Norwood Economics is skeptical that US-China trade talks are about to begin. America's new threat of sanctions on countries that buy Iranian oil makes talks less likely, for instance. China is the primary buyer of Iranian oil. The Chinese won’t want to appear to cave to U.S. pressure. Nor do they have to, given that the U.S. consumer is only now starting to feel the pain of U.S. trade policies. The U.S. "Temu tax" took effect at midnight Friday. U.S. consumers are now paying 120% to 145% more for items shipped directly from China.
“The tax on packages under $800 in value means U.S. consumers pay their government for the privilege of buying low-cost products directly from China,” UBS' Paul Donovan told clients on Friday. “The tax is unlikely to show up in consumer price data, but it is a visible price increase to many U.S. consumers—a reminder that they, not exporters, pay trade tariffs. This visible trade tax effect will pressure the U.S. administration to do a trade deal—any trade deal,” Donovan added.

DXY 6-Month Chart
The US dollar traded lower against all the G10 currencies on Friday, including most emerging market currencies. The falling dollar means foreigners are still repatriating capital from the U.S. The chart below shows net outflows as foreign investors sell U.S. bonds and stocks.

Capital is flowing instead into international and emerging markets. The U.S. is bringing up the rear in 2025.

Investors are demanding a higher risk premium for US assets. Former Bridgewater chief investment strategist Rebecca Patterson said as much during an interview in late April. “I think there is a new risk premium on US assets as seen by foreign investors," she told Yahoo Finance. The change in sentiment is expressed in the currency market (a weakening dollar).
The U.S. stock/foreign stock ratio has followed the strengthening and weakening dollar over the years.

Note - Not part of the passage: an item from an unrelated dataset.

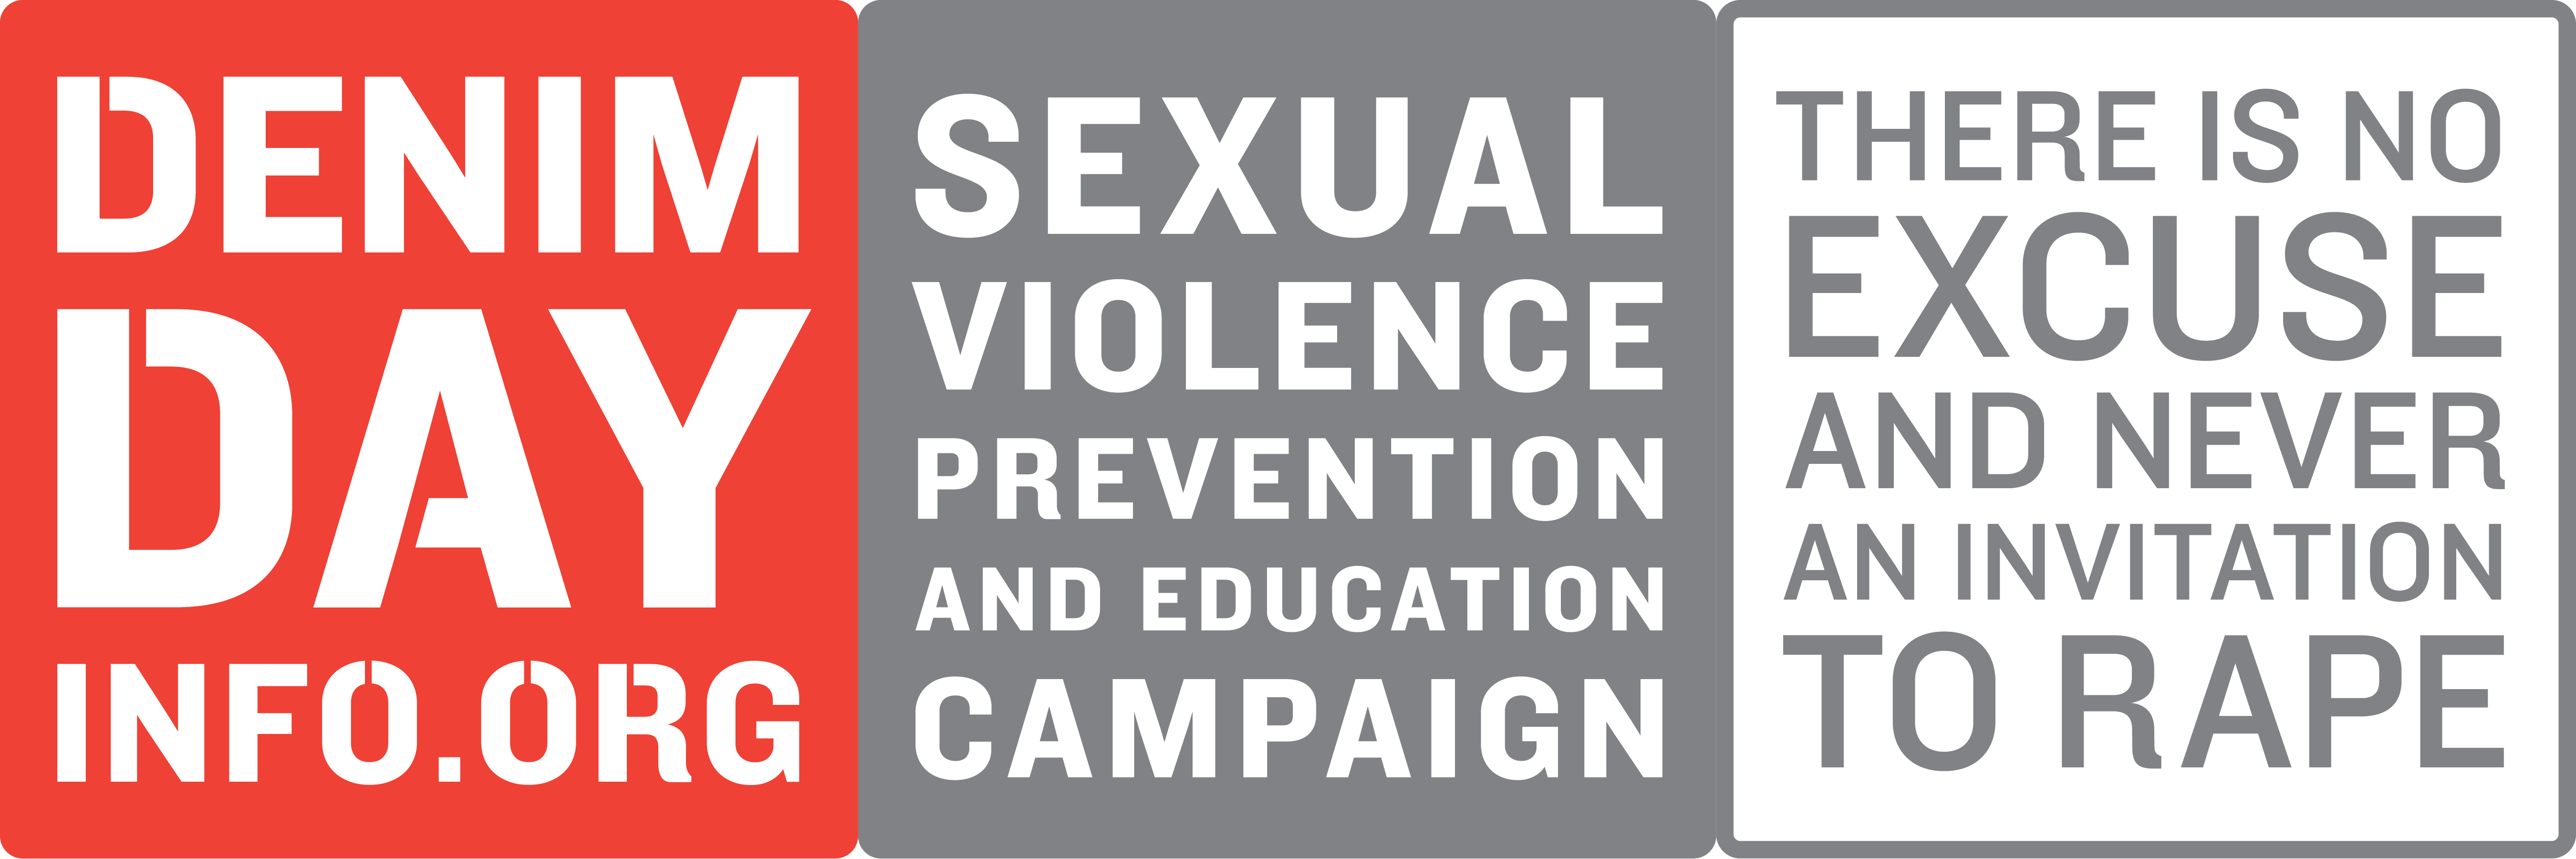 graphic that reads "denim day info.org, sexual violence prevention and education campaign, there is no excuse and never an invitation to rape."
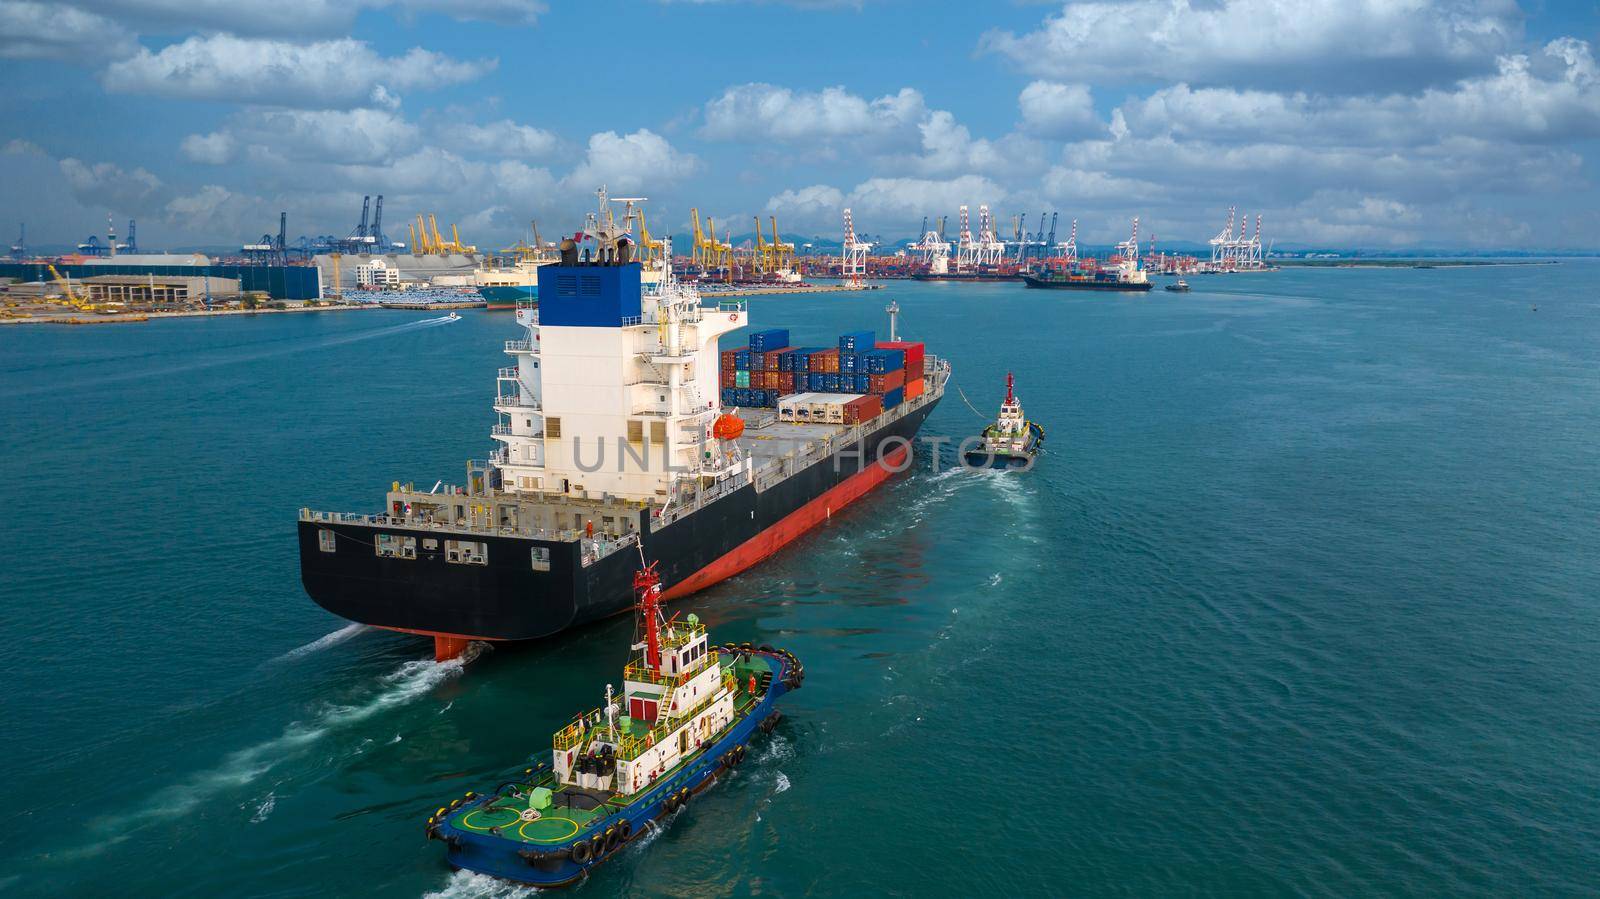 Container ship carrying container box in import export to commercial port, Global business cargo freight shipping commercial trade logistic and transportation oversea worldwide by container vessel.

The sliding value of the US dollar has been a tailwind for the outperformance of global equities ex-US in recent history.
The dollar is likely to continue to weaken for a variety of reasons. One is that the Fed is expected to cut the funds rate three or four times before year-end, according to the CME FedWatch tool. The FOMC might cut in June or July. Or they might not cut at all in 2025. Recent core PCE numbers, measured over three- and six-month spans, have been running at 3.5% and 3% annually, point out John Ryding and Conrad DeQuadros of Brean Capital. That’s well above the Fed’s 2% target. It leaves no scope for easing in the short term, they wrote last week. “Higher prices are in the pipeline,” added Wells Fargo economists in a note after the release of the PCE report on Wednesday. Jim Bianco of Bianco Research suggested that means the Fed may cut its federal-funds rate only once this year.
Higher-than-expected rates will impact earnings growth estimates. The S&P isn’t cheap. The price/earnings multiple remains in the top quartile, according to Rosenberg Research. Nine of the 11 S&P sectors have seen cuts in their earnings estimates. S&P end-of-year price target estimates of strategists tracked by Bloomberg have been cut to 5823. That’s only 2.4% above Friday’s close.
All in all, uncertainty remains high, and the range of possible outcomes is wide. Investors should remain diversified. They should remain prepared for higher-than-normal volatility in the capital markets.